Disk Inventory Mis-Match with AWS HA after adding spare disks
Applies to
Cloud Volumes ONTAP (AWS)
Issue
- Disk failures that were due to back end High-Performance Block (EBS) event. The aggregate then showed (2) '
failed
' disks:
Aggregate: aggr1 (failed, raid0, partial) (advanced zoned checksums) Plex: /aggr1/plex0 (offline, failed, inactive) RAID Group /aggr1/plex0/rg0 (partial, advanced_zoned checksums) Usable Physical Position Disk Pool Type RPM Size size Status -------- ------ ------ ----- ----- ----- ------ ------ data Net-2.3 0 VMDISK - 1007GB 1023GB (normal) data FAILED 0 - - 1007GB 0B (failed) data FAILED 0 - - 1007GB 0B (failed)
- The administrator then added (2) spare disks in the AWS portal while the EBS disks still showed as failed from the CVO side (CLI and System Manager).

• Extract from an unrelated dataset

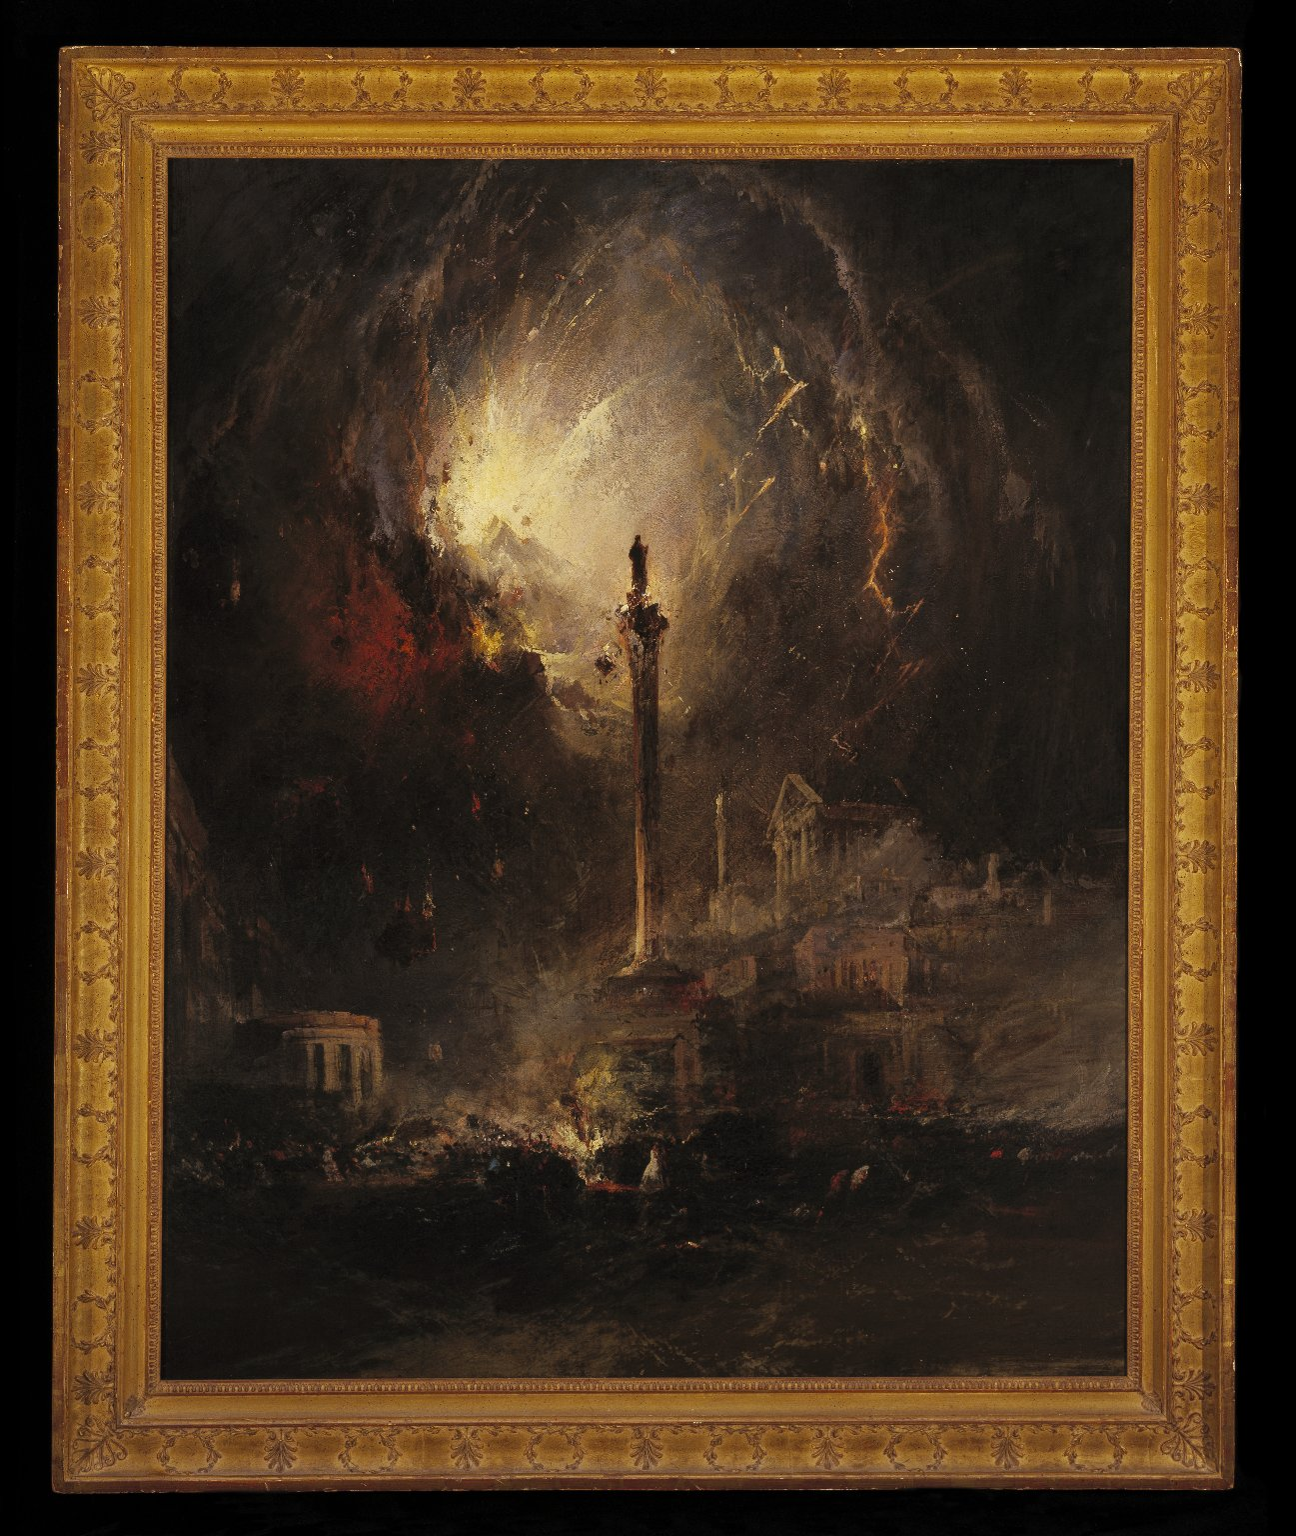 dramatic scenes, James Hamilton, The Last Days of Pompeii, ca. 1864, Brooklyn Museum, New York, NY, USA.

- When the original 'failed' disks came back on line, a 'Takeover not possible' status is seen due to inventory mis-match:
awsfiler1::> cf status Takeover Node Partner Possible State Description -------------- -------------- -------- ------------------------------------- awsfiler1-01 awsfiler1-02 true Connected to awsfiler1-02 awsfiler1-02 awsfiler1-01 false Connected to awspfiler1-01, Takeover is not possible: Local node missing partner disks
- Additionally, EMS shows messages about missing disks:
awsfiler1-02 ERROR cf.disk.inventory.mismatch: Status of the disk 0f.15 (34363435:36316534:00000000:00000000:00000000:00000000:00000000:00000000:00000000:00000000)has recently changed or the node(awsfiler1-02) is missing the disk.